I Tried Ear Candles, So You Don’t Have To
The harrowing account of a man half-heartedly trying to clean his ears.
Recently, my roommate told me a story about a time his ears got so clogged that it began to seriously impair his hearing. Upon cleaning them out, he found a surplus of cerumen, that wonderful waxy discharge… along with the intact corpse of some kind of insect.
Now, I try to keep my ears relatively clean, but it's hard to monitor what's going on in there. I found myself plagued by visions of mosquitoes in amber trapped in my ear canals, probably stemming from seeing Jurassic Park when I was too young.
Alternative medicine, or torture device? Let's find out.
This same roommate, now a seasoned expert, suggested hydrogen peroxide or a gentle water flushing system. And sure, those are probably the best options, but they lack the medieval flair I seek. I want to light a thing on fire and stick that thing in my ear. So I got me a few ear candles, the thrill-seeker's answer to otorhinolaryngology. Don't worry, I can't say that word either.
Thank goodness, they're vegan.
I decided to go for the original flavor, seeing as I'm a novice and didn't want to get too crazy on this first go round!
The process is essentially this: Lay your head down on its side, stick the candle's pointy end in your ear, and light the other end. The fire is supposed to soften the grit in your ear, and some claim that the candle can suck it right out. However, the instructions are rather nebulous on the benefits, listing "personal relaxation and wellbeing purposes only." They use words like "awakening" and "balancing."
"These statements have not been evalutated [sic] by the FDA."
I also couldn't help but notice a troubling lack of grammatical care. I try not to be too harsh nor a linguistic prescriptivist, so I chalked it up to an excess of free spirit and began my journey.
The paper plate is a suggested safety measure.
It started off pretty tame, but as the candle burned down, I definitely felt a little bit of heat, as well as a not-unpleasant pressure. The best part was the odd fizzing sound of the flame rattling around inside my head. I can see how someone would find the process relaxing, in the same way people get into ASMR videos.
Yes, I do tell my family I'm a journalist—why do you ask?
I admit I was getting a little bored towards the end. So much for "awakening."
But finally it was over! I doused the candle in a glass of water and set about inspecting the results.
The good stuff.
Yuck. Wads of yellow smokey wax: an alarming sight indeed.
By then I was getting a little hungry, as was my significant other, who had miraculously decided to stay by my side throughout this ordeal. We decided that instead of doing the other ear, we would set up a little control for our experiment.
So, appetite thoroughly piqued, we sat down to a romantic, candle-lit dinner of ceviche, obviously the most appropriate cuisine for the evening's festivities.
See if you can find the bemused roommate lurking in the background.

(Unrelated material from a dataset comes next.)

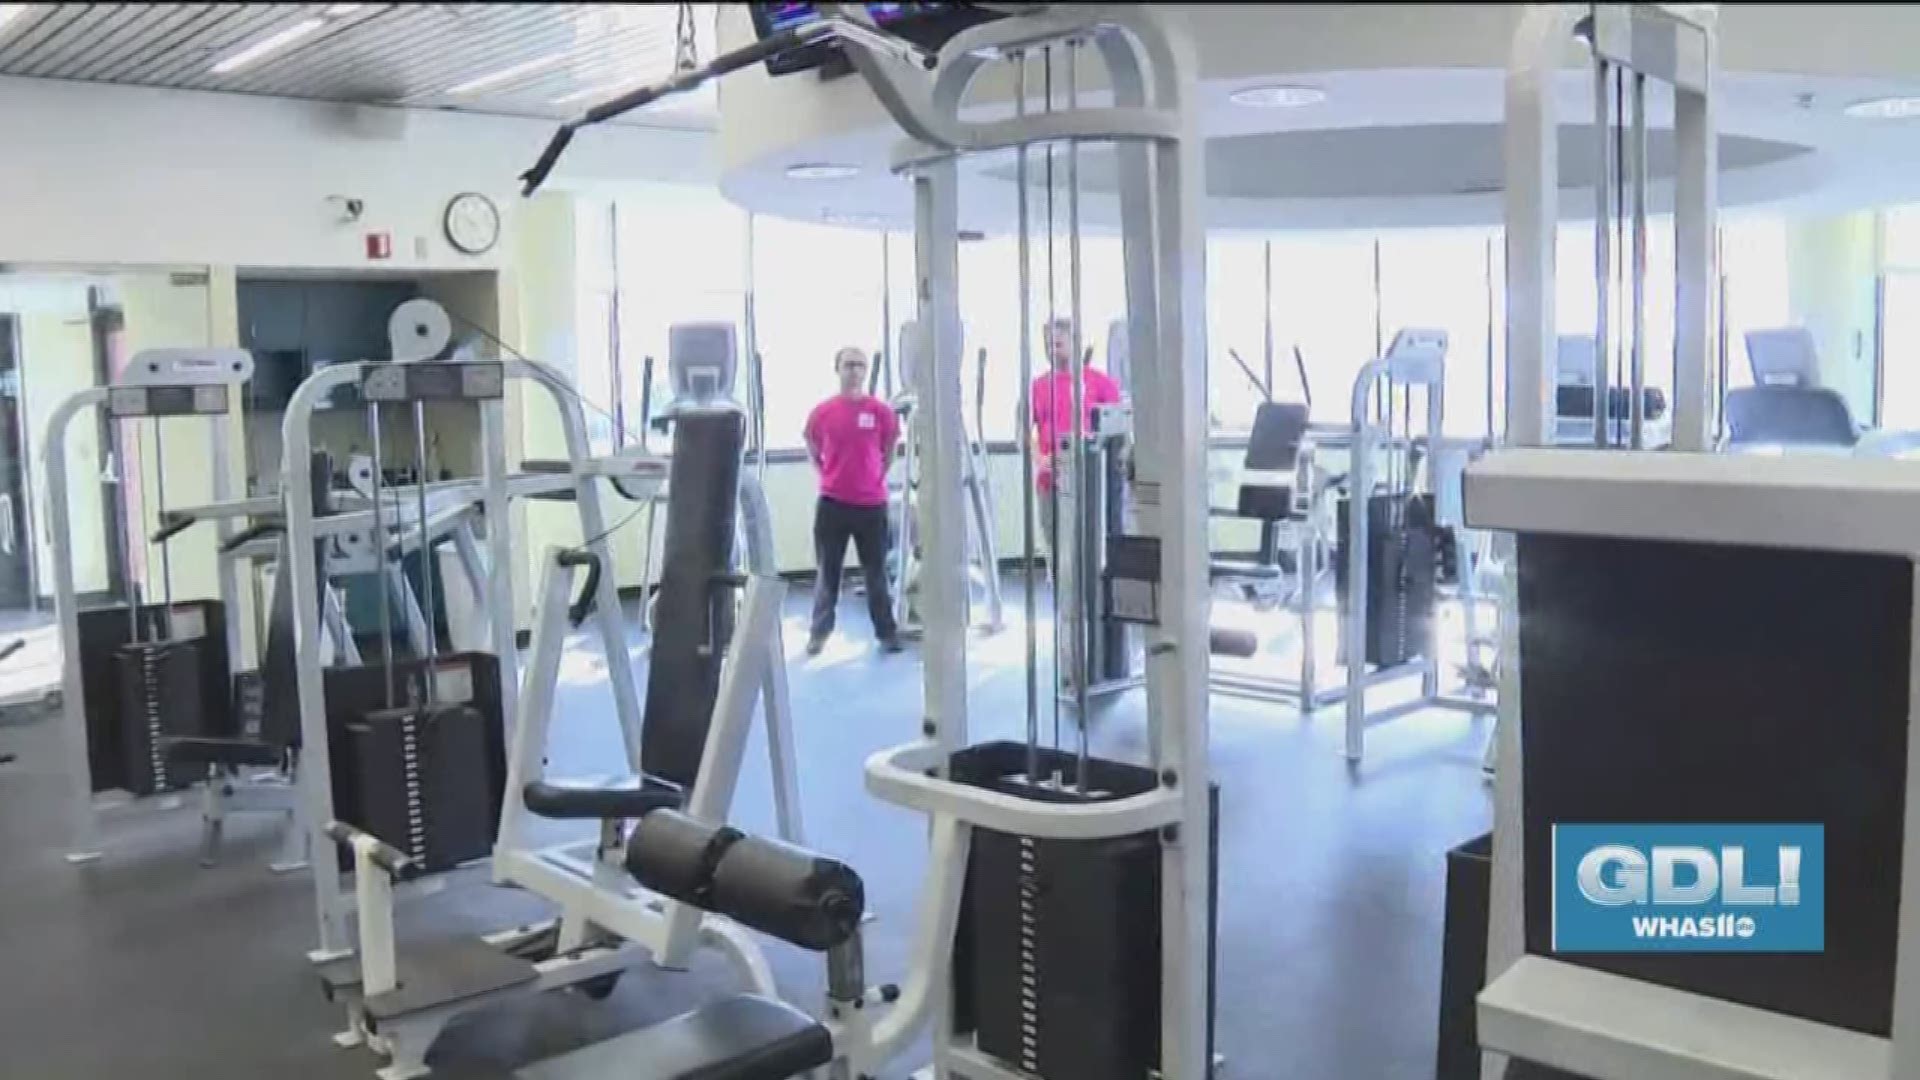 People battling cancer are welcome to free exercise classes at The J.

If nothing else, it provided a little bit of ambiance. Then, dinner was over and the moment of truth was upon us. Let's see if you can tell which was which:
Turns out all that wax was just from the candle itself and not my ear, which I guess is kind of a relief. But that wasn't all we discovered:
I might need an ear cleaning after this ear cleaning.
Woah, that's a lot of residue that may or may not have ended up in my ear.
I went into this expecting a kooky, inane little evening. Dumb but harmless. But then I did some cursory reading around the internet. Turns out: Ear wax is usually a good thing. WebMD has some harsh words, but I was expecting that. The FDA's page on ear candles is almost comically snarky.
What actually annoyed me was the tiny note down at the bottom of the ear candles' packaging: "This is a non-medical device that is not FDA approved nor should it be." (Emphasis mine)
This article about homeopathic remedies illustrates my concern —that the lack of FDA approval is part of the appeal. I get that the FDA may be a ponderous government agency, and if you don't trust the FDA's relationship with "big pharma," fine. But the implicit claim here is that anything that the FDA approves is automatically suspect. Citing vague benefits like "balance" and making bizarre claims like curing cancer and promoting "purity" is meaningless. Vilifying the process by which we are able to measure results is tantamount to insanity, no matter how flawed the organization might be.